Does the impartial administration of justice, the integrity of the U.S. Government, and the oath of all federal employees to support and defend the Constitution of the United States, require that private interests not be allowed to supplant the public interest?

Is it essential that federal Inspectors General, law enforcement, Congress, the Courts, and the press all hold U.S. Government departments, agencies and employees accountable to the U.S. Constitution, the law, their oaths and ethics pledges? 

Does “the press” have a right under the U.S. Constitution, and an ethical duty to their readership, listeners and viewers, to “seek truth and report it,” to hold Government, government employees and elected/appointed officials, publicly accountable to their public ethical commitments, oaths, and duties?

Is it legal, ethical or publicly defensible for one company, Google, to have several former employees or consultants enthroned in positions of influence that just happen to cover most all the parts of the U.S. Government that matter most to Google commercially?

Did all of these former senior Google employees, who apparently made most of their considerable wealth in Google stock, have to divest themselves of their Google stock, or put their portfolios in a blind trust as generally required under the government’s ethics rules, when they entered public service, given that there was no public mention of it when they were each appointed or announced?

NASA, USPTO, DOJ, FTC, FCC, and DOT/NHTSA

Are the experiences of six prominent departments or agencies -- NASA, USPTO, DOJ, FTC, FCC, and DOT/NHTSA – enough data to establish an organized pattern of private influence?

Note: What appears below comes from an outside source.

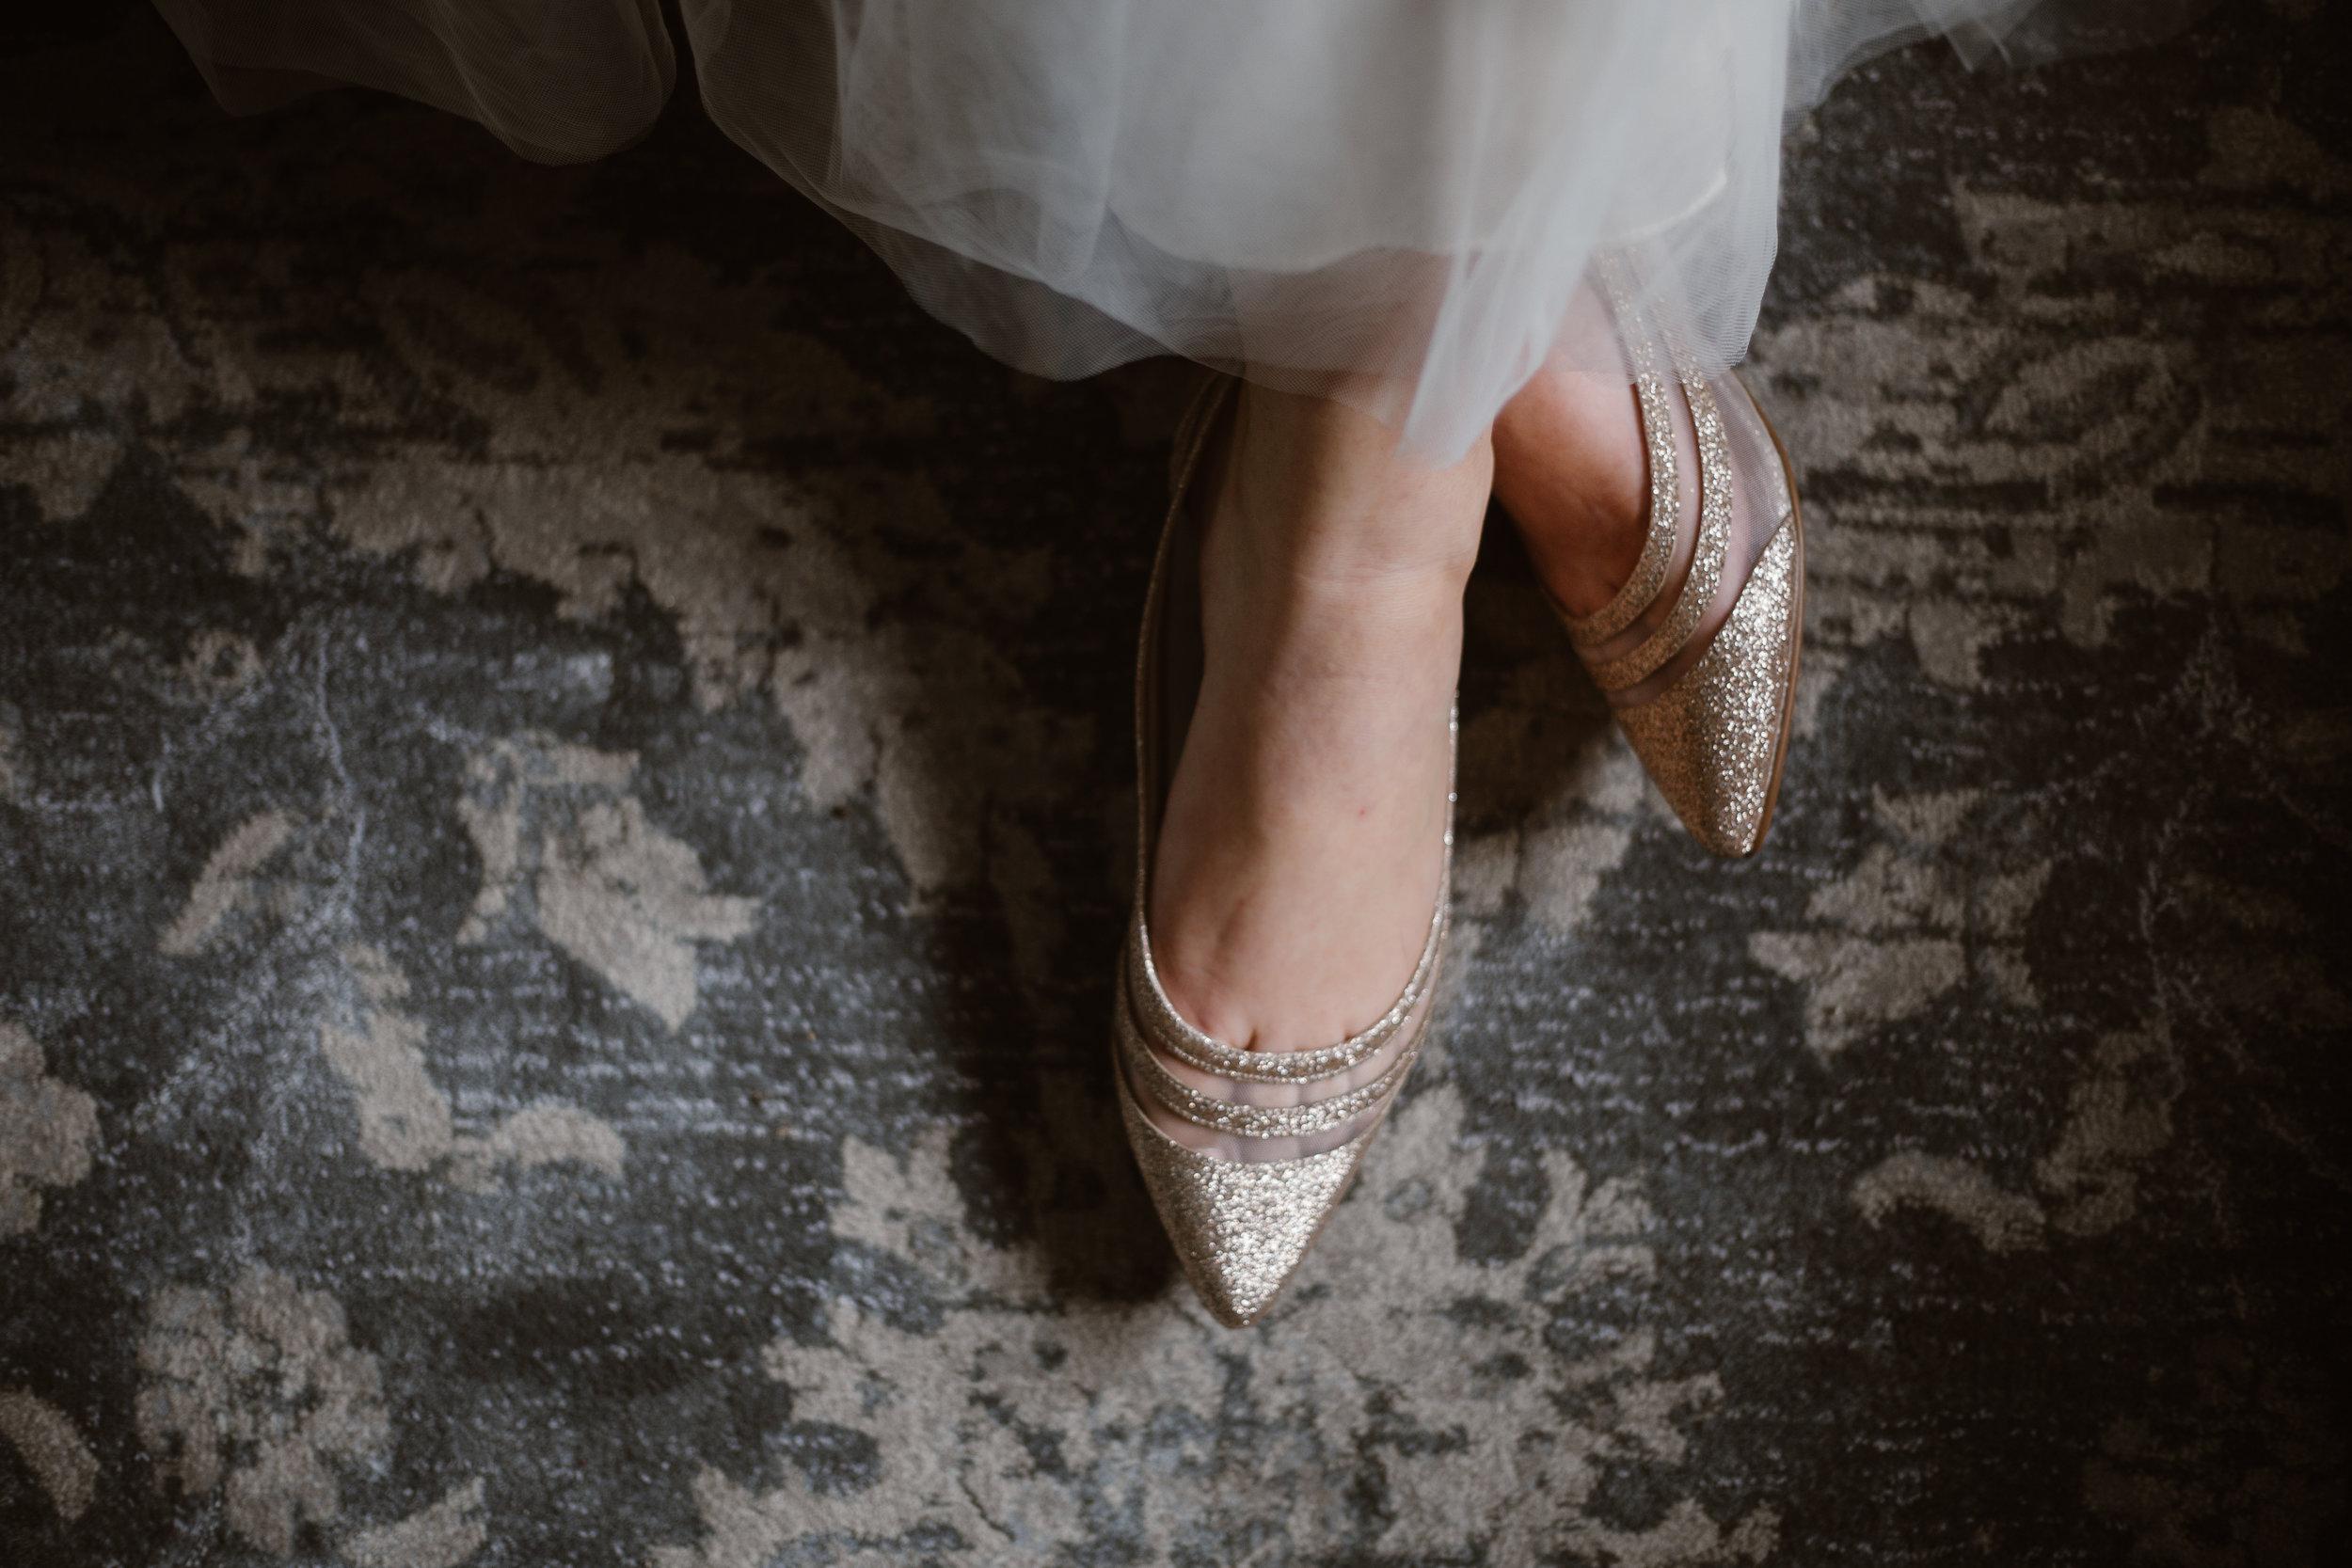 Rose Gold Bridal Flats - A Burgundy + Bronze Ramble Creek Fall Wedding - Erin Morrison Photography

NASA: Is it just coincidence that Google’s billionaire executives are the only private citizens who enjoy the extraordinary personal, corporate, and private benefit of a having their personal/executive corporate jet fleet land, take-off, hanger, and refuel at a Federal Government facility, Moffett Federal Airfield, that just happens to be a few miles from Google’s Mountain View headquarters, under an extraordinarily favorable 60 year lease, with government subsidized jet fuel?

Is it just coincidence that the Defense Department decided to locate its first and only innovation pilot office at Moffett Field with Google? Is it another coincidence that Google enjoyed an unfair commercial time-to-market advantage over its competitors in testing its drone delivery fleet, “Project Wing,” by piggybacking NASA’s Government-only, FAA-waiver-testing-authority, that clearly prohibits waivers for commercial operations like Google’s?

U.S. Patent and Trademark Office (USPTO): Is it just coincidence that after Google was publicly credited with helping the President’s re-elect campaign [See: Bloomberg,Stuff.com.nz, Bloomberg,Built in Chicago,Time Magazine], and just 10 days after the 2012 Presidential election, the company which arguably faced the most patent liability and big lawsuits in the country, Google, just happened to get a patent reformer and its former Deputy General Counsel for Patents and Patent Strategy from 2003-2012, Michelle Lee, appointed to be Director of the USPTO’s Silicon Valley Office, and then quickly thereafter to the Head of the USPTO, and it just happened that later most of the biggest lawsuits that Google faced happened to  get settled, and it just happened that the USPTO helped demonize many of those who brought lawsuits to defend their USPTO-approved patents as “trolls,” and it just happened that Google got more fast-track patents approved than any other company in the months after Lee was put in charge, and it just happened that the USPTO began unilaterally invalidating an extraordinary amount of existing already USPTO-approved patents, many of which involved Google’s patent liabilities?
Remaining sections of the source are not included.